There is a lot to not like IPL. There are also a few things that I like about a club based league. A dual round-robin home/away format is the obvious candidate. Combining players from across the globe is another. Above all it allows rookies to ply their trade in company of the veterans. I have maintained an IPL league table for the year 2012, 2013 & 2014 based on Ball Difference. Recently I noticed that Ball Difference page was referred by Wikipedia. The revision history shows:

# Net run rate

This is an old revision of this page, as edited by Mmitchell10 (talk | contribs) at 20:52, 9 April 2014. It may differ significantly from the current revision. |

In Apr 2012, user Mmitchell10 added a new section ‘**Alternatives to NRR**‘ to the NRR page where BD appears along with D/L, Average of the Match NRRs etc. That page does not refer to Computations for Ball Difference which clearly explains how to compute this value for an interrupted match. I conceived BD as an alternative to NRR during 2011 World Cup. Over the years, it has become the basic building block of my evolving player performance program. There are 100 points for every completed match. The points for each team are decided based on Ball Difference. In case of a tie both teams get 50 points. In case of a victory off the last delivery, the winning team earns a little over 50 points based on my ‘Points for 1 Run’ metric. After that an equation determines whether the match was won by batting side or bowling side. If both then margin for each unit is quantified. Team points are divided as Team Batting, Bowling and Fielding points. Batting points are distributed based on runs scored and balls used.
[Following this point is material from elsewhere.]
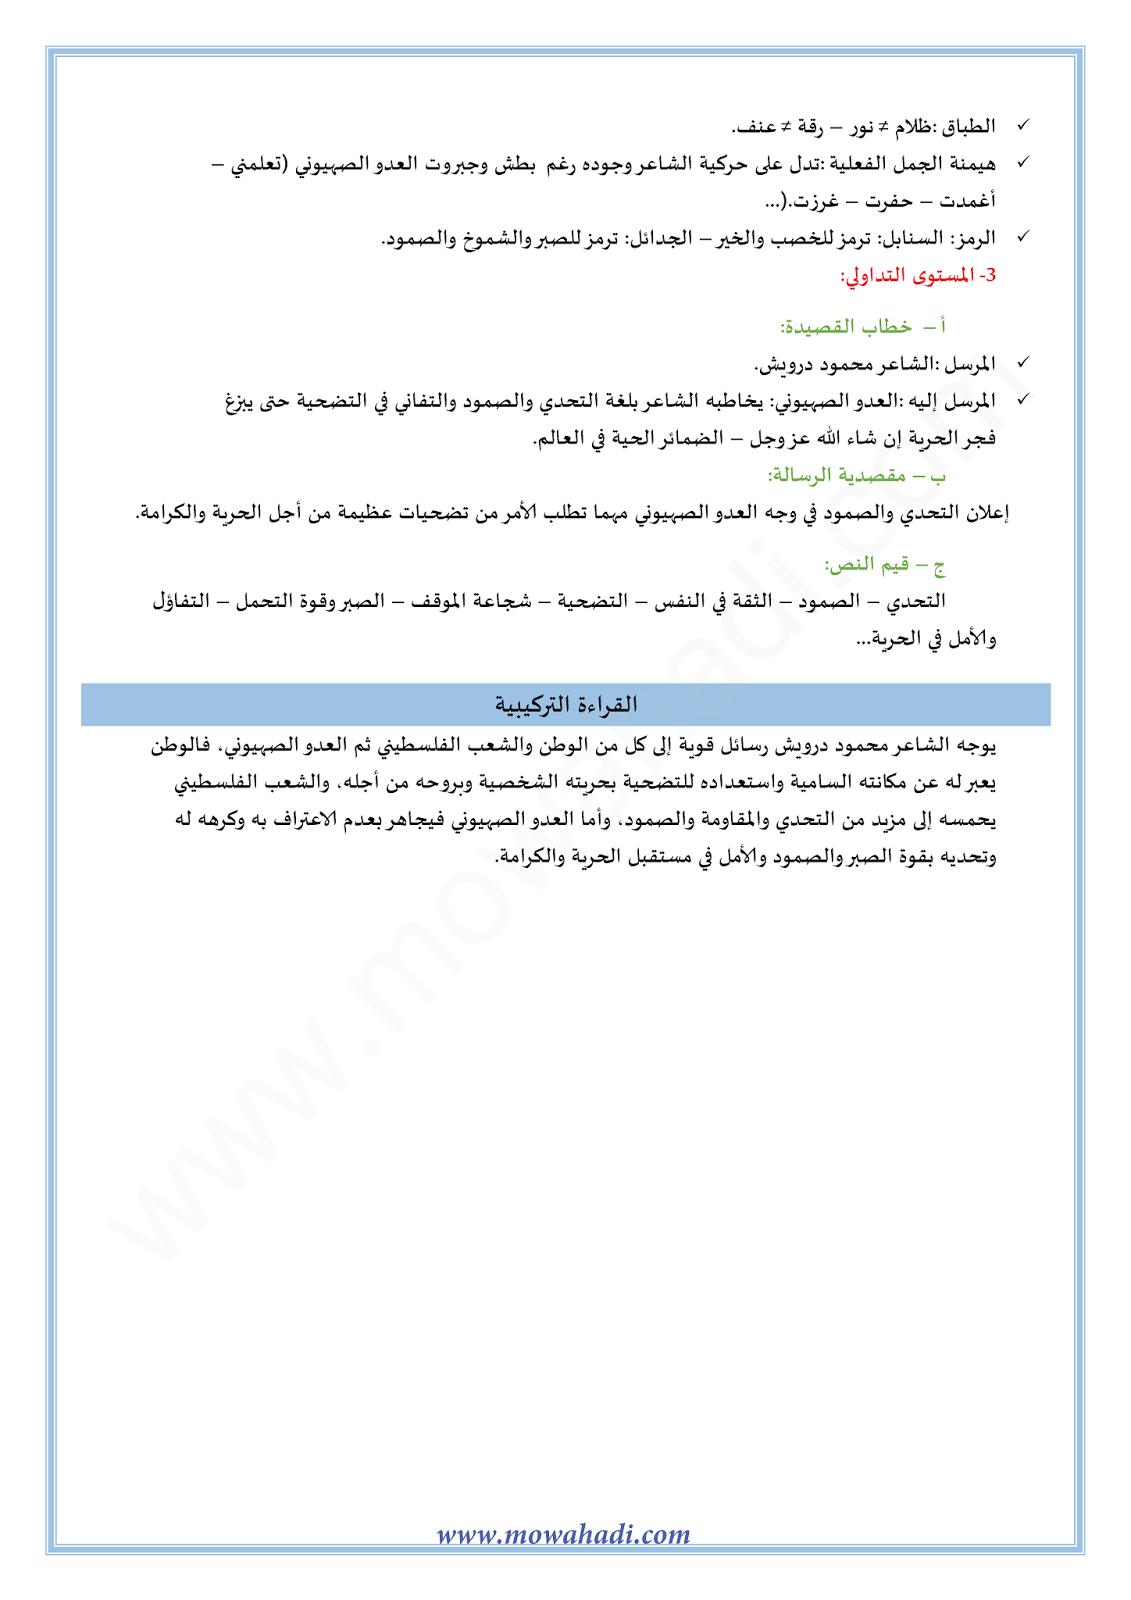 إشعاع الحضارة المغربية3

Bowling points are based on overs bowled, runs conceded, number of wickets taken and when a wicket was taken. Fielding points are based on number of catches, stumpings and run outs. Instead of tabulating the results for each match, I create a chart and publish it on Twitter:

All charts for IPL2014 matches are here. 8 teams have played 14 matches each and it is time to represent the summary tables by team to supplement the match contribution tables. There is a vanilla and a value-added table for each team. The vanilla table is a bar chart representing total points earned by each player over 14 matches. It is ordered by typical batting position.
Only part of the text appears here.